Constraints of Reservoir Pressure and H2O on Pre–Eruptive Melt Accumulation and Migration under Water–Rich Systems Based on the Volcanic–Plutonic Connection in the East Kunlun Orogen, Northern Tibet Plateau

In recent years, the volcanic–plutonic relationship has been a contentious topic among researchers. Based on this issue, they have delved deeper into the constraints of magma reservoir pressure and H2O on pre–eruptive melt accumulation and migration.

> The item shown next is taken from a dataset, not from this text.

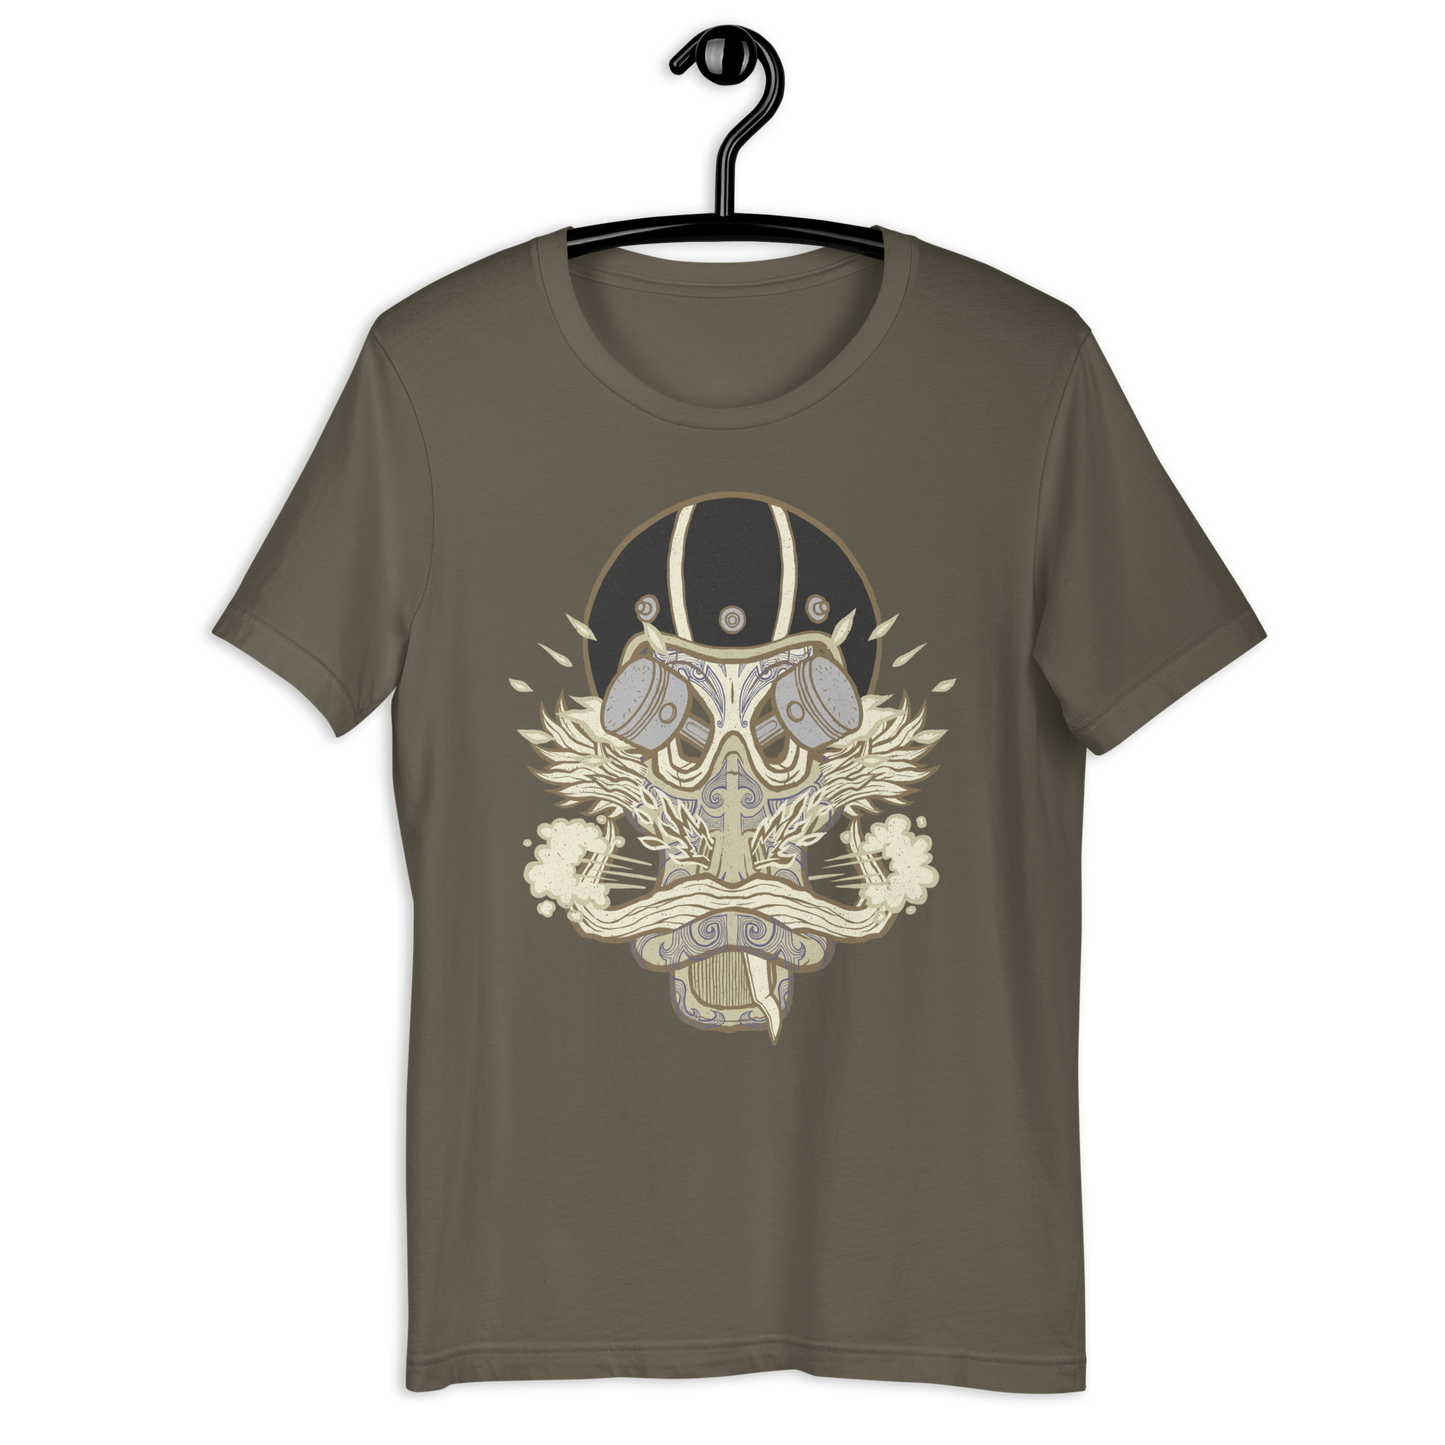 No 012 Wierd Duck Skull collection t-shirt

We selected granodiorite, tonalite, and rhyolite in the Dehailonggang volcanic–plutonic complex to investigate the volcanic–plutonic connection and constraints of reservoir pressure and H2O on the pre–eruptive melt accumulation and migration in water–rich systems. Granodiorite, tonalite, and rhyolite exhibit temporal–spatial similarities (247 Ma) and the same magmatic origin consisting of ca. 75 ~ 80% enriched mantle materials mixed with ca. 20 ~ 25% lower crustal materials. TIMA shows that both granodiorite and tonalite display a typical cumulate texture. The bulk–rock compositional complementary of the granodiorite, tonalite, and rhyolite, coupled with in situ geochemical signatures of feldspars and zircons, feldspar CSD, and rhyolite–MELTS modeling, indicate that 1) the granodiorite represents the crystal cumulate formed after crystal–melt phase separation of the original mush in the magma reservoir; 2) the interstitial melt of the original mush was extracted, migrated, and ultimately erupted as the rhyolite; 3) the tonalite serves as an intermediate product resulting from the phase separation from the original mush to the rhyolite. Rhyolite–MELTS modeling reveals that in water–rich environments, an increase in reservoir pressure (prior to reaching overpressure threshold) can lead to a reduction in melt viscosity. This, in turn, accelerates mechanical compaction and phase separation processes, ultimately shortening the pre–eruptive melt aggregation timescale. In contrast, it is noteworthy that H2O has a relatively minor influence on phase separation in such water–rich systems (> 4 wt. %). This study demonstrates the volcanic–plutonic genetic coupling and highlights the significance of reservoir pressure in controlling the dynamics of pre–eruptive melt within water–rich systems.